The hat trick from LOC is awesome as he set a new career-high for goals in a season. He is on pace to obliterate his best-scoring season and has been rocking a point-per-game for the last 14 (!) games.

In this game, you saw a little of everything from LOC. A weirdo double-deflection goal kicked off the scoring in the game, then you saw his disruptive play in the neutral zone capped off by his speed getting him alone in front of the Flyers net where he chipped a puck past Carter Hart.

In the third period with things going sideways for the Avs, LOC drew a penalty that led to Colorado’s sixth goal, a huge relief valve for a team under siege at the time. Then he was on the ice for the extra-attacker situation from the Flyers, a sign of great trust from the coaching staff.

Sure, Nathan MacKinnon did him a solid in giving him the empty-net goal, but LOC’s fingerprints are all over this win. His line was Colorado’s best and the only one to actually drive possession in the correct direction. A day to remember for Logan O’Connor.

Nathan MacKinnon

Four more points for MacKinnon puts him into first place in the NHL’s scoring lead. That’s pretty cool. He was excellent in creating play and capitalizing on his chances today. He added the ultimate good-guy move in giving up a hat trick of his own so LOC could have the first one of his career.
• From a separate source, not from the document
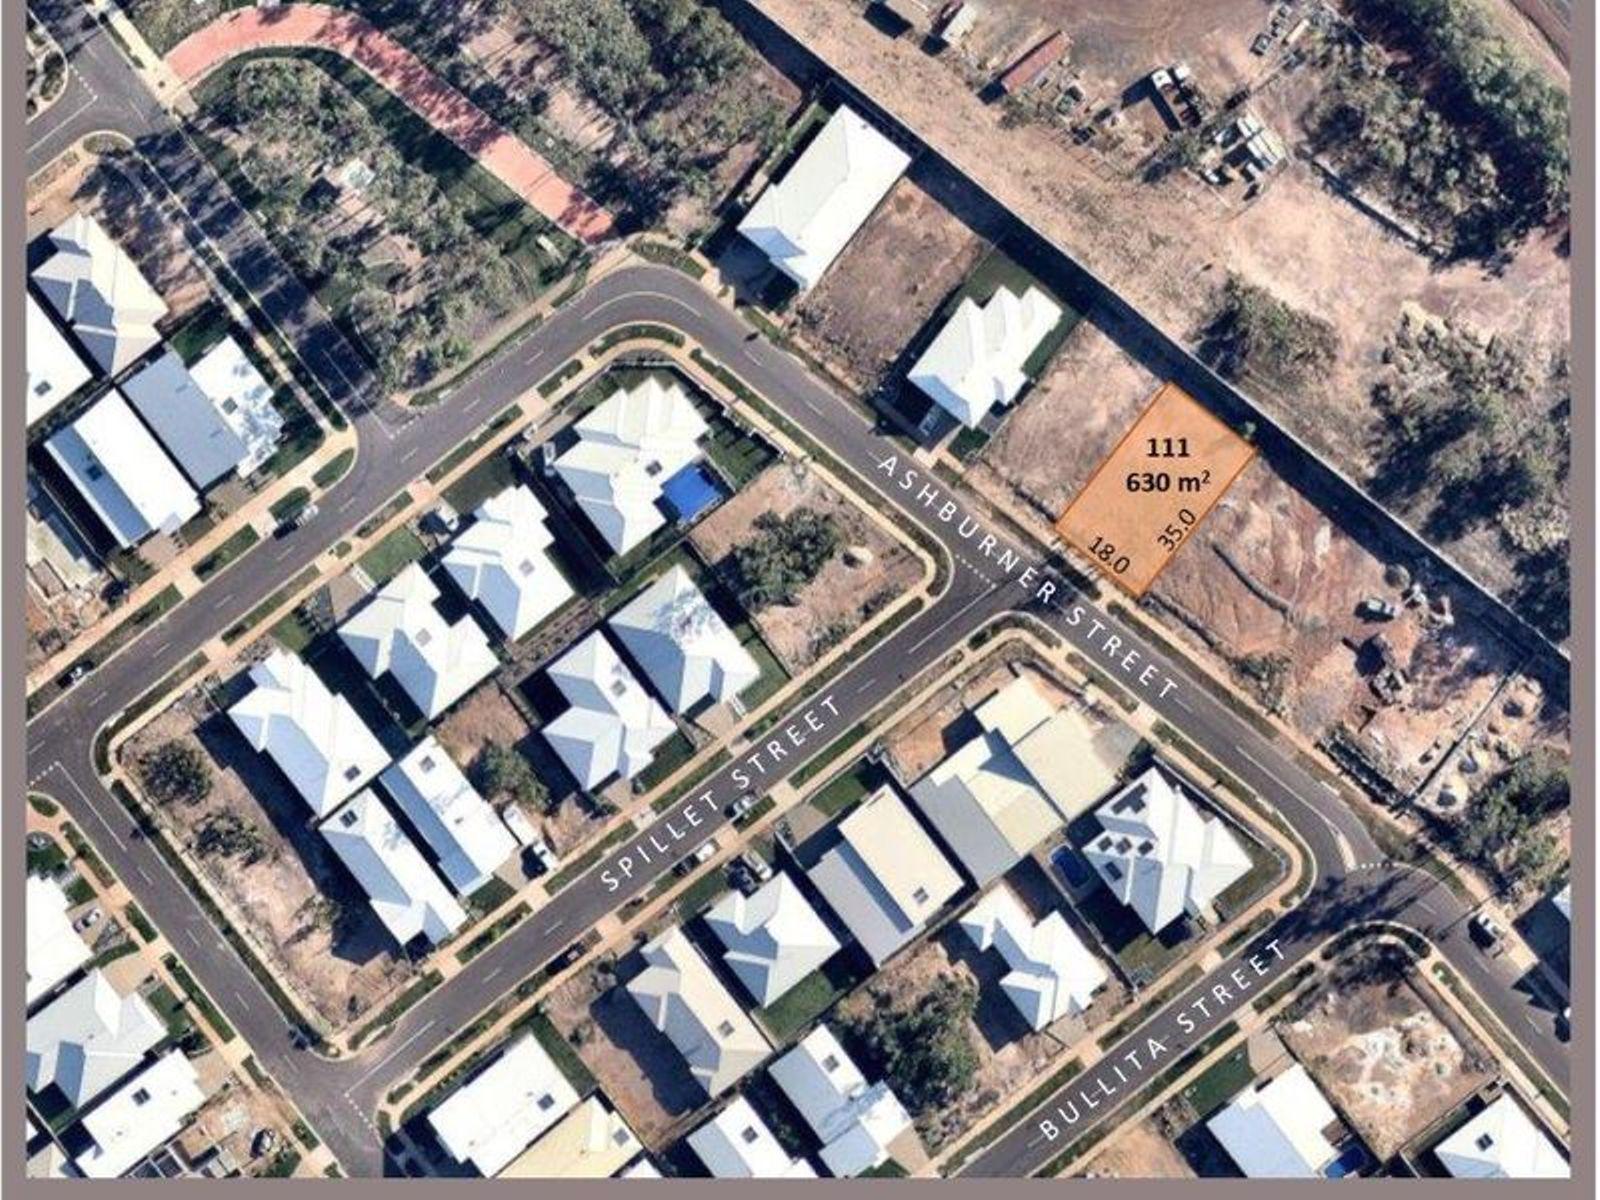 Lot 6 Ashburner Street, Durack, NT 0830

He is the league’s best player right now. The Flyers just got a firsthand viewing of his dominance. If you’re an Avs fan, it was fun.

Miles Wood/Ross Colton

These guys have been nearly inseparable this year and that chemistry shows up regularly. Wood makes Colton’s game pop just a little more than it does without him and they are operating as Colorado’s second line (alongside hat-trick man Logan O’Connor) right now.
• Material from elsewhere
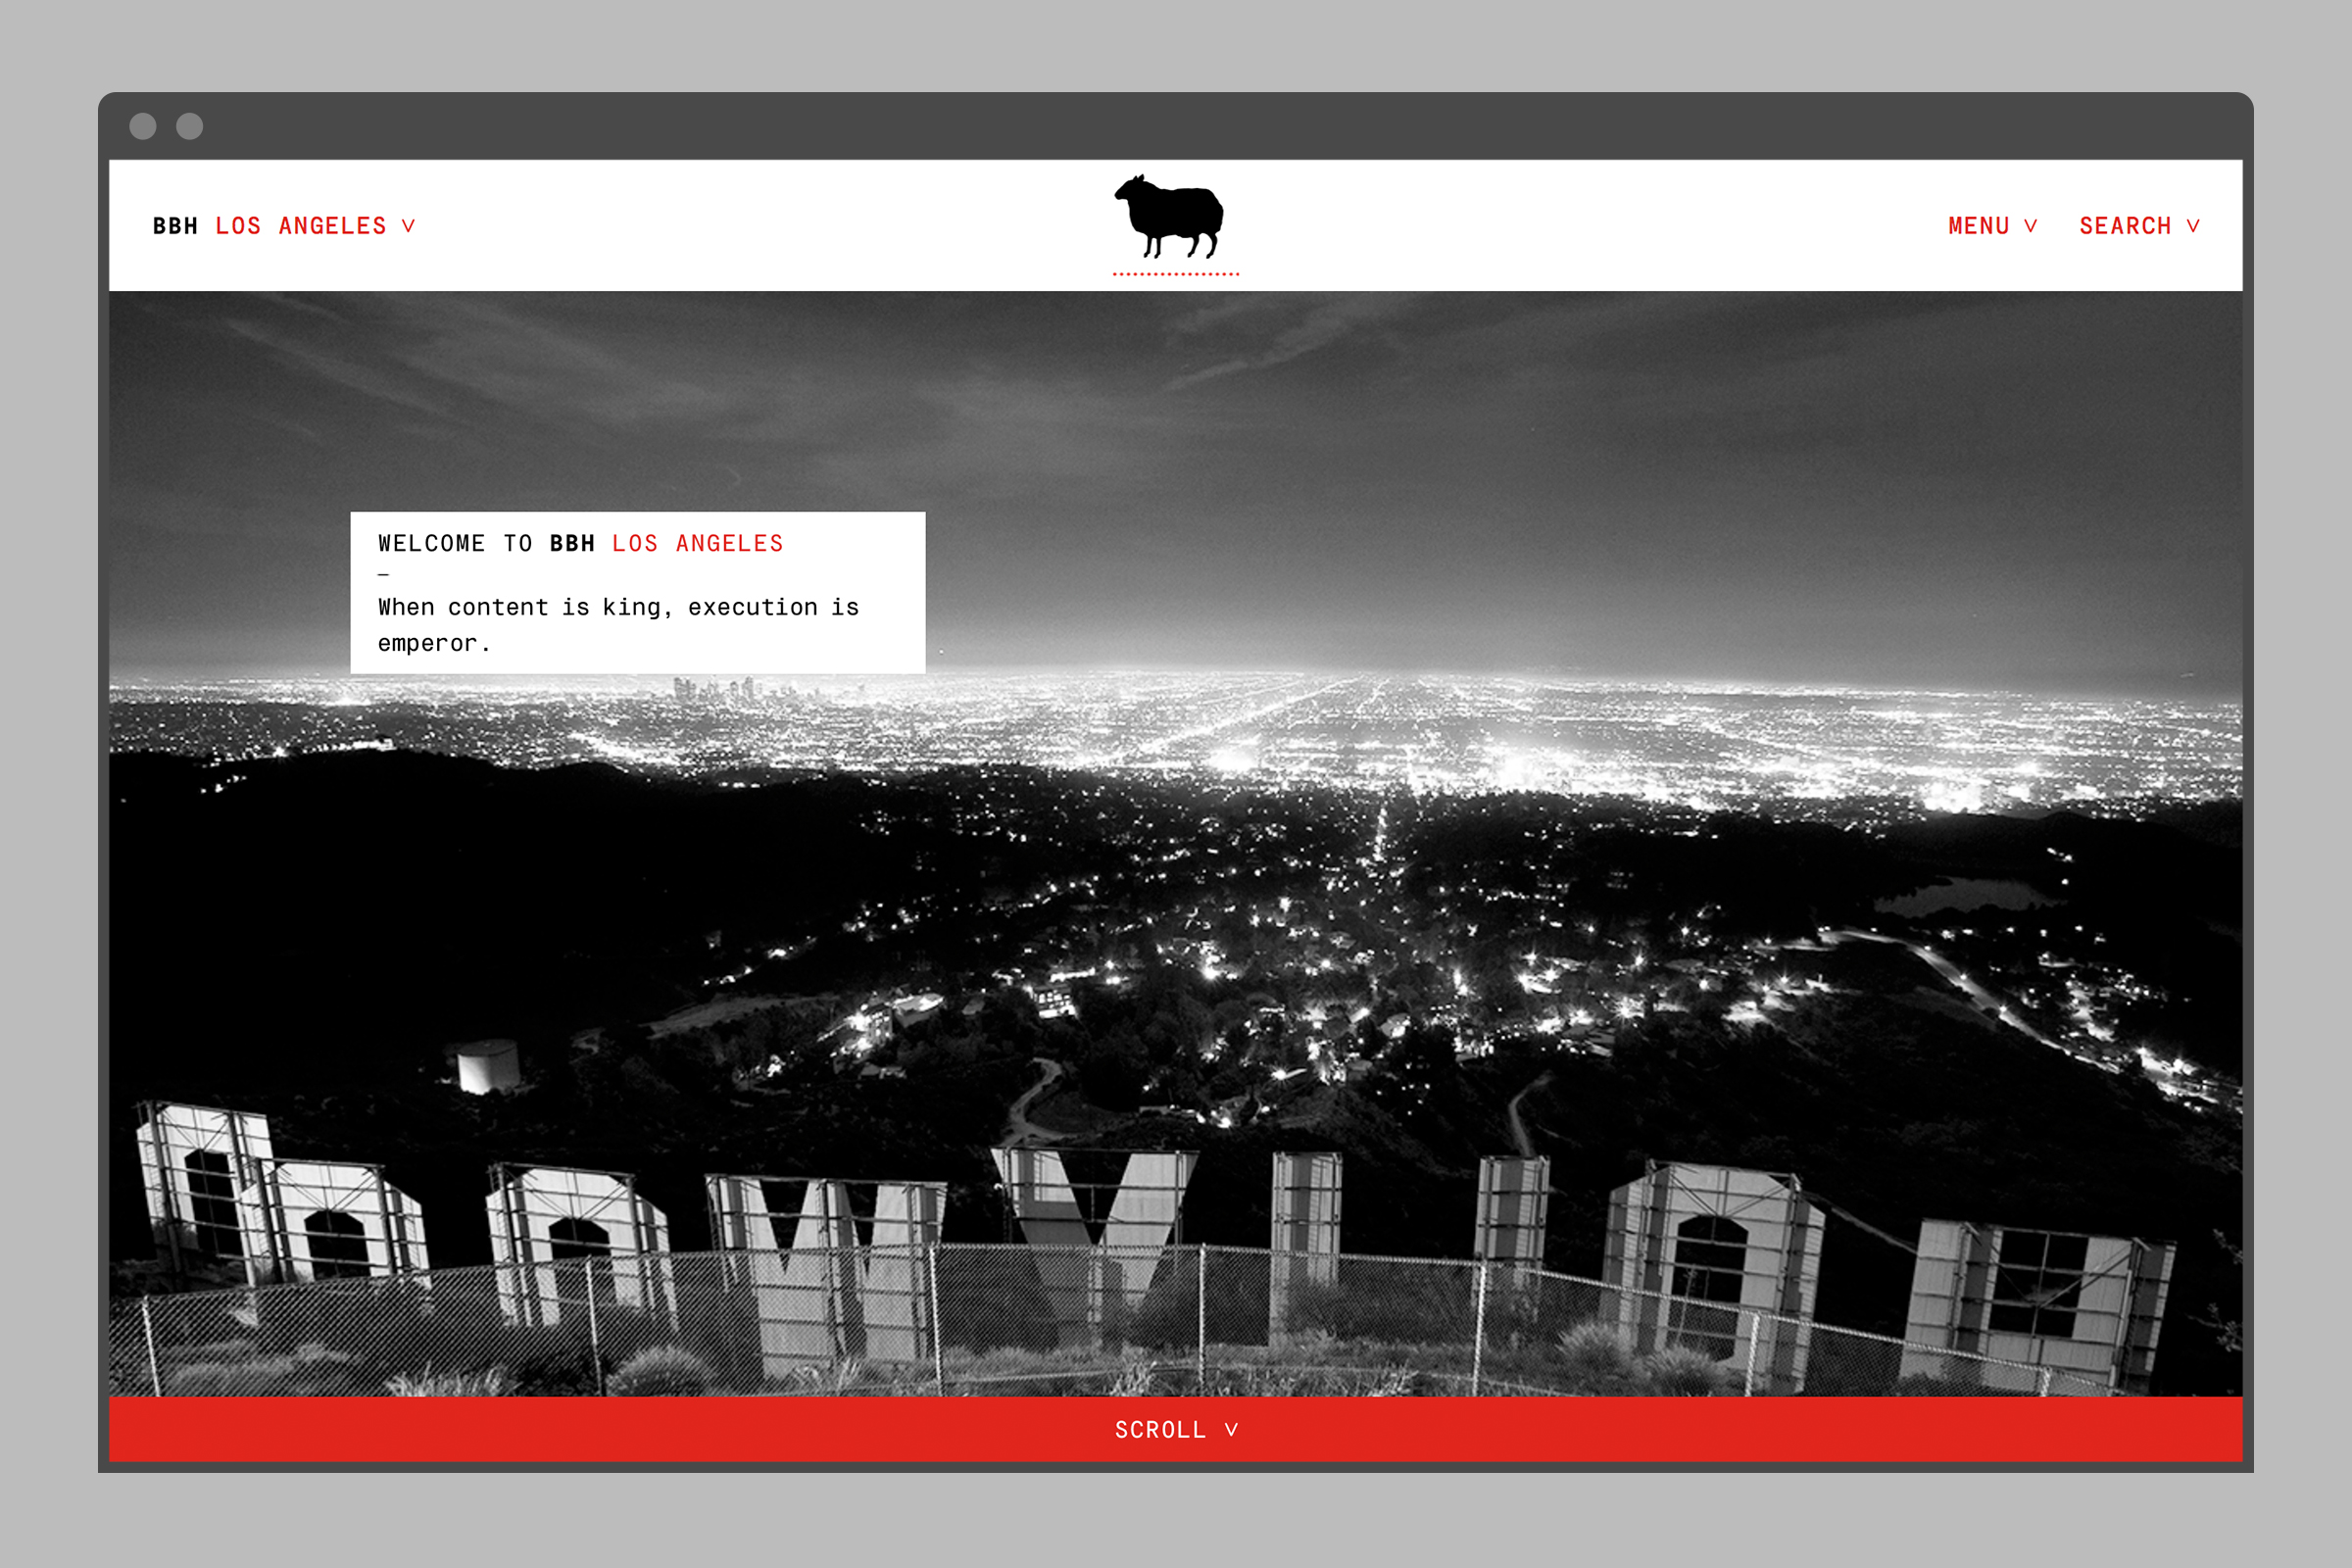 BBH_Web_Browser_Locations-4.jpg

It will be interesting to see where Artturi Lehkonen fits when he returns (likely for Colorado’s next game) but Wood had two more assists and has points in all three games since returning from his illness. He’s been great. Ross Colton had three assists today and was productive on Colorado’s top power play unit and at 5v5. He’s at the center of one of the league’s best third lines, even if it is currently Colorado’s second line.

Their competitiveness together helps get Colorado through some games when things aren’t going as well, such as today against the Flyers. They can elevate and be a safety net for Jared Bednar alongside Colorado’s reliable top line, which will play a ton regardless of how well things are going.

Duds

The Avs overall

Just for me, I didn’t think the Avs played a very strong game overall. They got thoroughly outplayed in the first period but were leading 2-0 by the end of it because that’s how hockey goes sometimes. They nearly coughed up a 5-2 lead in the third period but got a good call to go their way and then capitalized.

Without awful goaltending from the Flyers, the Avs probably lose this game. They didn’t, obviously, and this is the world we live in but as a person who uses this space to thoroughly talk through the process of how games unfold, this was one of Colorado’s worst games in a while.

Hockey is silly, though, and sometimes a team can outscore their problems. That’s what the Avs did today.

Ryan Johansen

I’m not sure what to do with Johansen at this point. Jared Bednar continues to try to find ways to make him a fit, but he hasn’t found a viable path forward right now.

Johansen is so often invisible, as he was again today, that it’s hard to even call him a Dud most nights because he usually has no meaningful impact at all. If he was getting paid $1M and the 4C, that would be completely fine. He isn’t, however, and is not a good fit in a bottom-six role, yet he has lost the trust of the staff so much so that he is now doing that job. He spends 50 of the 60 minutes of a hockey game sitting on the bench watching.

He didn’t generate anything offensively but was on the ice for two goals against and what’s the most positive thing you can say about his game? That he won one of his two faceoffs on the penalty kill?

Neat.

Unsung Hero

Special teams

If you’re not playing great at 5v5, you should win the special teams battle. That’s a pretty good way to win a hockey game.

The Avs did that today by not allowing a goal on three Flyers power plays but also by really locking it down. In six minutes of power play time, the Flyers didn’t even create a single expected goal. Compare to just 2:49 of power play time for the Avs, who created .91 expected goals to Philadelphia’s .86 and you’ll see a much more potent attack for the Avs.

Colorado’s power play technically finished at 1-for-2 on the day but their first attempt generated a goal just seconds after the Flyers returned to full strength, so we’ll call it an honorary power play goal.

That’s a de facto 2-0 advantage on special teams. Without the empty-net goal, what was the margin of victory? Two. Hockey math.